Armoise and Levi’s piece rightly teases out the importance of what they term the ‘class constitutional character’ of workers’ party and counterpose this to ‘populism’ (the slipperiness of the latter term deserves its own analysis).  

However, their article remains somewhat ambiguous on how Marxists should relate to the existence of organisations like LFI, and could be read (though I don’t believe the authors believe this) as arguing for an abstentionist approach to these organisations by Marxists. 

Consequently, Ryder and Gandakin respond to what they see ‘a short-sighted aversion to engaging with the fraught terrain of modern politics itself’ (NB they also elide this assumed position from Armoise and Levi to Prometheus as a whole). 

However, whilst Ryder and Gandakin make their case for this engagement, its political content and goal is left unclear. If there is a reading of Armoise and Levi’s piece as abstentionist, then there is a reading of the reply as liquidationist, wherein programmatic and structural fights are avoided or, at least, left secondary. 

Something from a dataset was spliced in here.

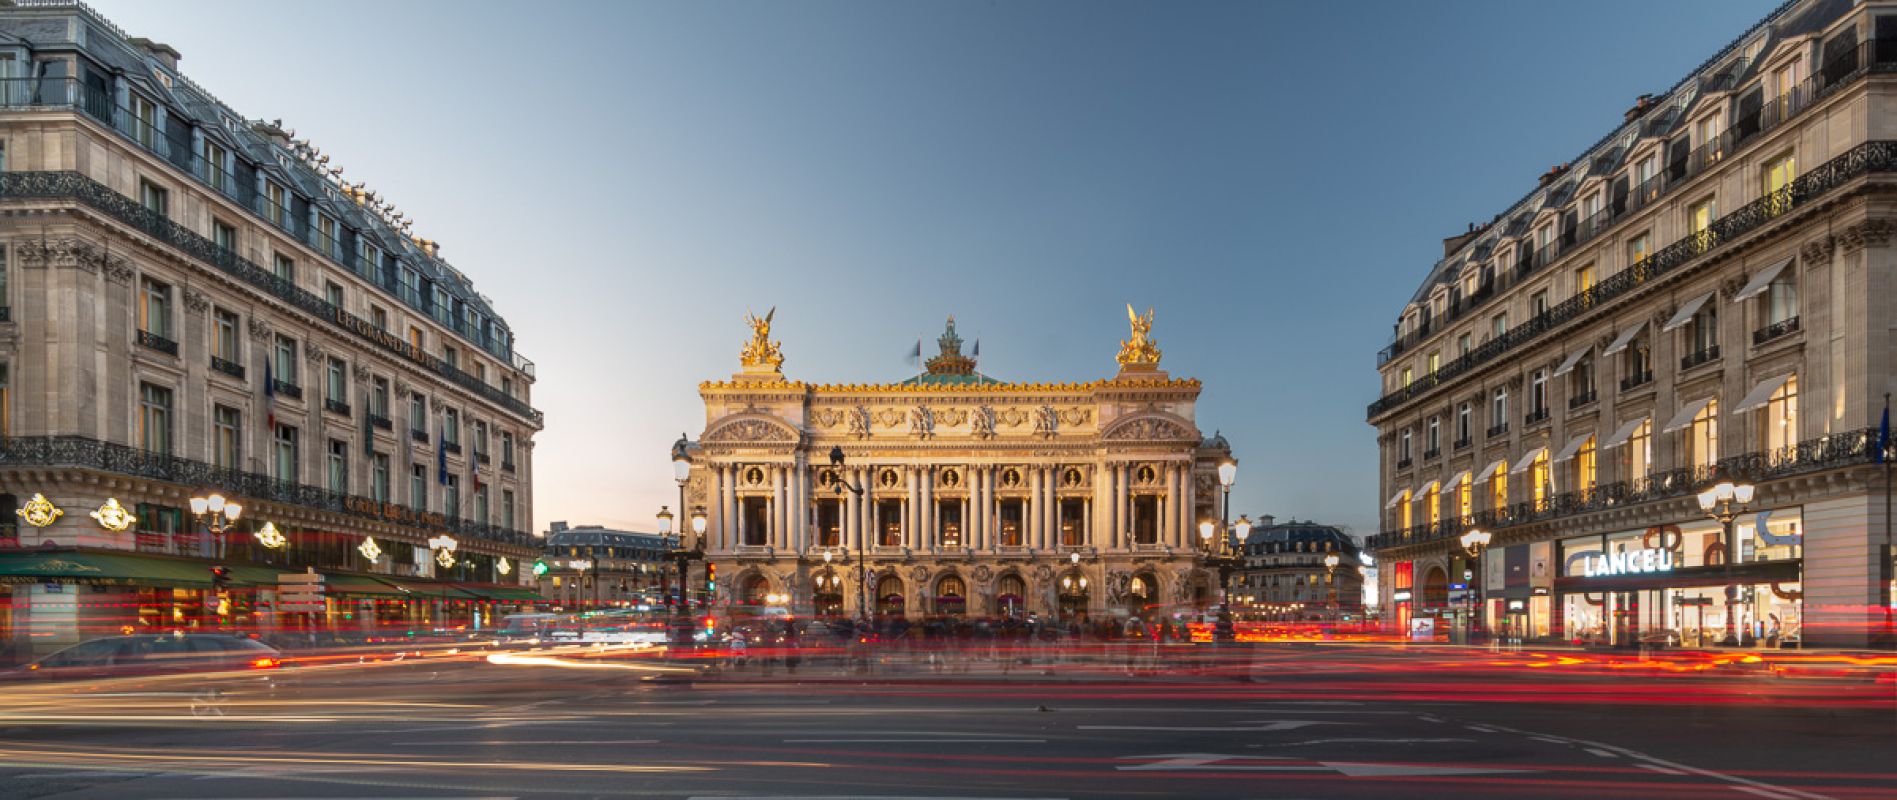 Opera Garnier a Paris a la tombee de la nuit Photo Sebastien Desnoulez photographe d ambiances et d architecture

Implicit within Armoise and Levi’s piece is the argument that democracy in class organisations is essential for the development of self-activity amongst subaltern classes. Without the democratic structures to put forward perspectives from the rank and file, we limit the development of worker-leaders who may want to raise them. We also limit the ways that the class as a whole learns from the different struggles across society. The party must, as Gramsci argues, be a laboratory, wherein mass practice is tested by those engaged in it. To hold fast to this is not an argument against engagement in constitutionally deficient organisations, but it also means we cannot abandon the fight for proletarian democracy. 

The concern is that parties built around figureheads can only go so far and don’t act to build the long-term self activity of the class. To put it in a tongue in cheek way for those who are fans of Mélenchon – is the LFI dependent on him or is the party capable of producing many Mélenchons (dare we even hope for something better)? 

I believe the exchange points to the need for a deeper assessment of LFI. For example, assessment has not been made of: 

  • LFI’s refusal to compromise on the question of anti-fascism in the contexts of the attacks on La Jeune Garde after the death of a fascist activist. 
  • LFI pushback on attempts to delegitimise Palestinian resistance. 
  • LFI’s role in supporting anti-police protests in the aftermath of the murder of Nahel Merzouk in 2023. 
  • How LFI’s politics on anti-racism and islamophobia has developed compared to different ‘populist’ experiments. 
  • What the recent elections, such as of Bally Bagayoko in Saint-Denis, mean for our analysis of LFI’s structures and its relationship with the other parties and wider mass activity. 

On these things and more, there is something different about LFI’s ‘populism’, whilst recognising its deficiencies.